Jaeger Timo
MOLISA GmbH, Molecular Links Sachsen-Anhalt, Magdeburg, Germany.
Subcell Biochem. 2007;44:207-17. doi: 10.1007/978-1-4020-6051-9_9.
Like other actinomycetes Mycobacterium tuberculosis lacks glutathione and, consequently, the glutathione peroxidases that dominate the antioxidant defence of its mammalian hosts. The hydrogen peroxide metabolism of the pathogen has for long been recognised to depend on a heme-containing catalase/peroxidase. Clinical isolates lacking the catalase were virulent and proved to be resistant to the first line tuberculostatic isoniazid, because the enzyme is evidently required to activate this drug. The survival and virulence of such strains are attributed to the peroxiredoxin-type peroxidases alkyl hydroperoxide reductase (AhpC) and thioredoxin peroxidase (TPx). The most common AhpC reductant in bacteria, the disulfide reductase AhpF, is deleted in M. tuberculosis. Instead, AhpC can be reduced by AhpD, a CXXC-motif-containing protein, or by one of the mycobacterial thioredoxins, TrxC. TPx is reduced by thioredoxins B and C. Mycobacteria contain three more peroxiredoxins, the 1-Cys-Prx AhpE, Bcp and BcpB, whose function and reductants are still unknown.

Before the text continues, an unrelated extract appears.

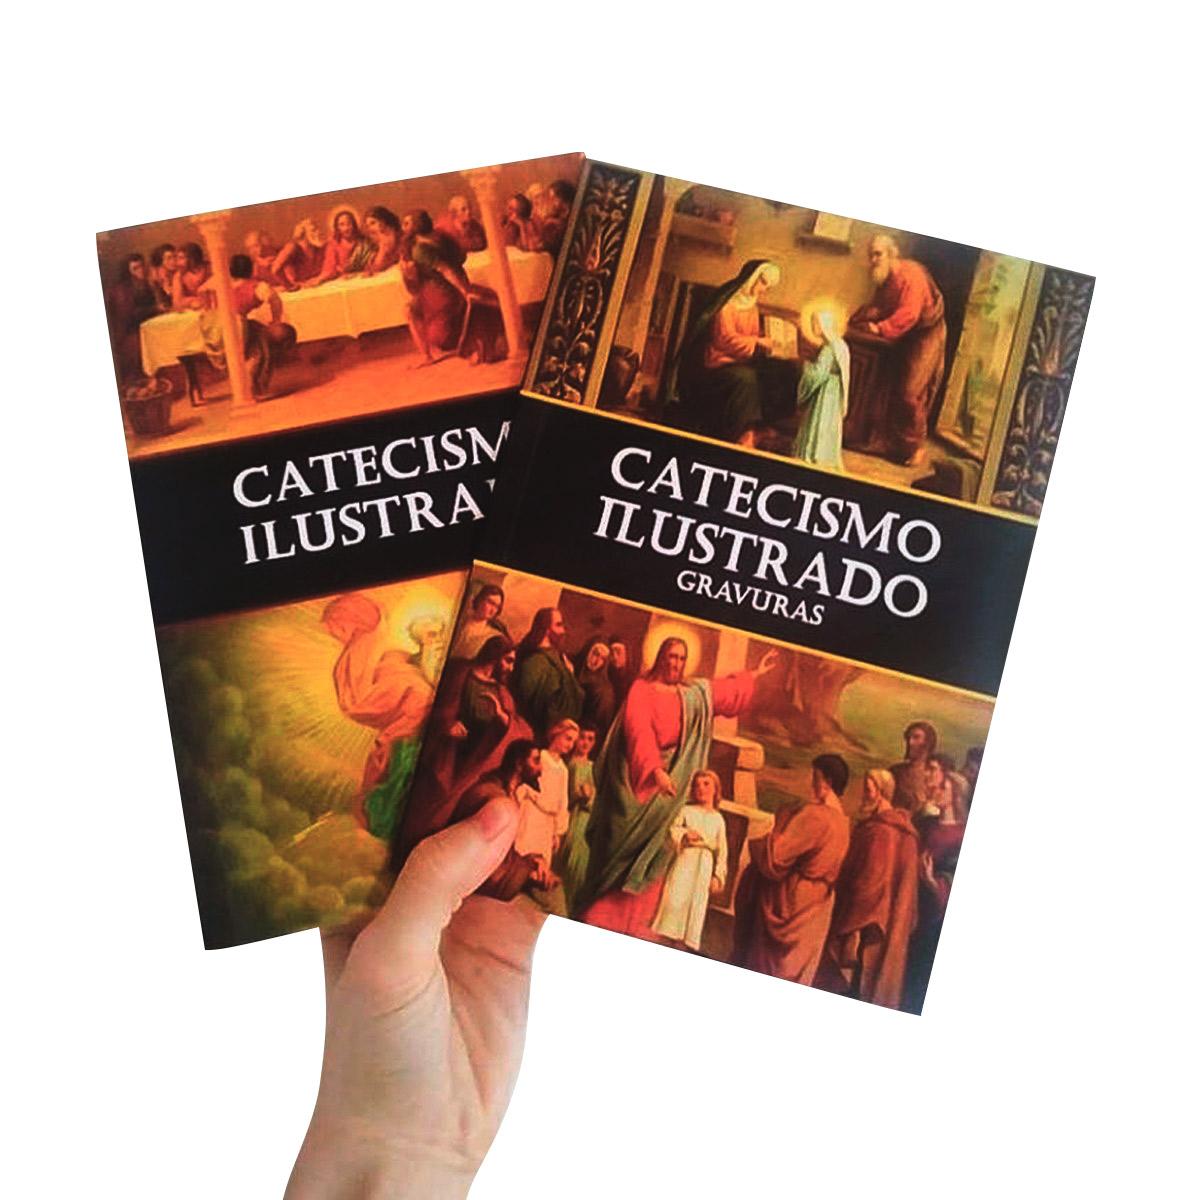 Catecismo ilustrado (2 vols.) Texto e gravuras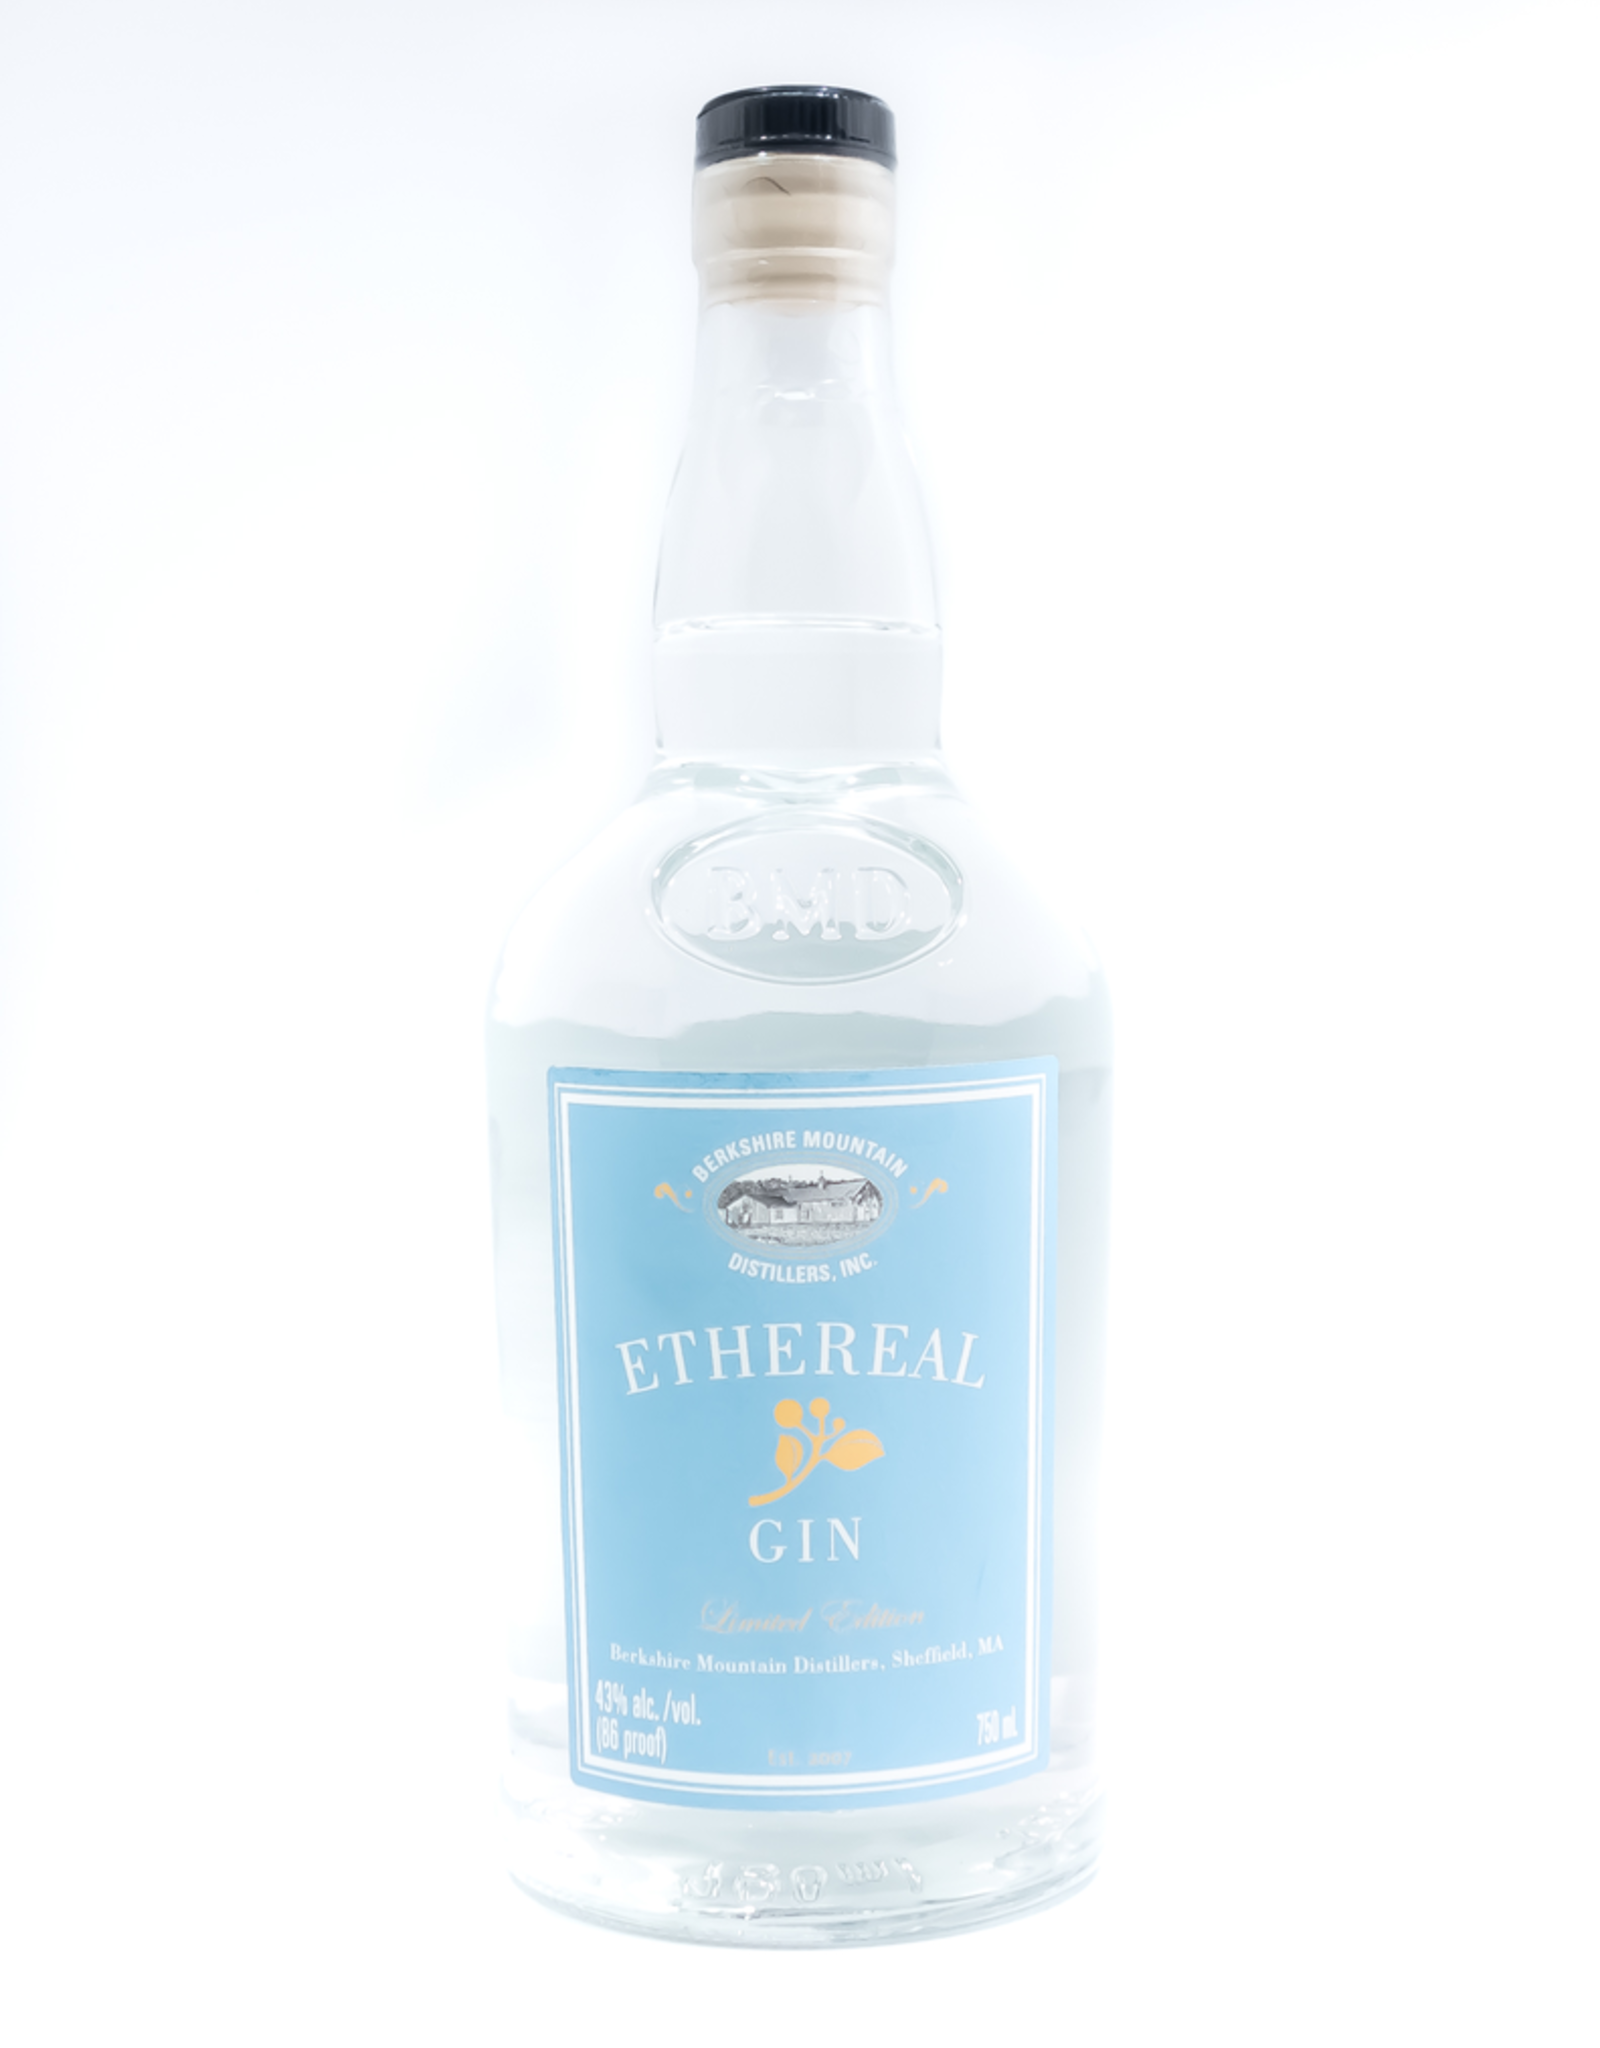 Spirits-Gin Berkshire Mountain Distillers Ethereal Gin 750ml

与其他放线菌一样,结核分枝杆菌缺乏谷胱甘肽,因此也缺乏在其哺乳动物宿主的抗氧化防御中占主导地位的谷胱甘肽过氧化物酶。长期以来,人们一直认为该病原体的过氧化氢代谢依赖于一种含血红素的过氧化氢酶/过氧化物酶。缺乏过氧化氢酶的临床分离株具有毒性,并被证明对一线抗结核药物异烟肼耐药,因为该酶显然是激活这种药物所必需的。此类菌株的存活和毒性归因于过氧化物酶体增殖物激活受体(Prx)型过氧化物酶烷基过氧化氢还原酶(AhpC)和硫氧还蛋白过氧化物酶(TPx)。细菌中最常见的AhpC还原剂——二硫键还原酶AhpF,在结核分枝杆菌中缺失。相反,AhpC可以被AhpD(一种含有CXXC基序的蛋白质)或分枝杆菌硫氧还蛋白之一TrxC还原。TPx由硫氧还蛋白B和C还原。分枝杆菌还含有另外三种过氧化物酶体增殖物激活受体,即1-Cys-Prx AhpE、Bcp和BcpB,其功能和还原剂仍然未知。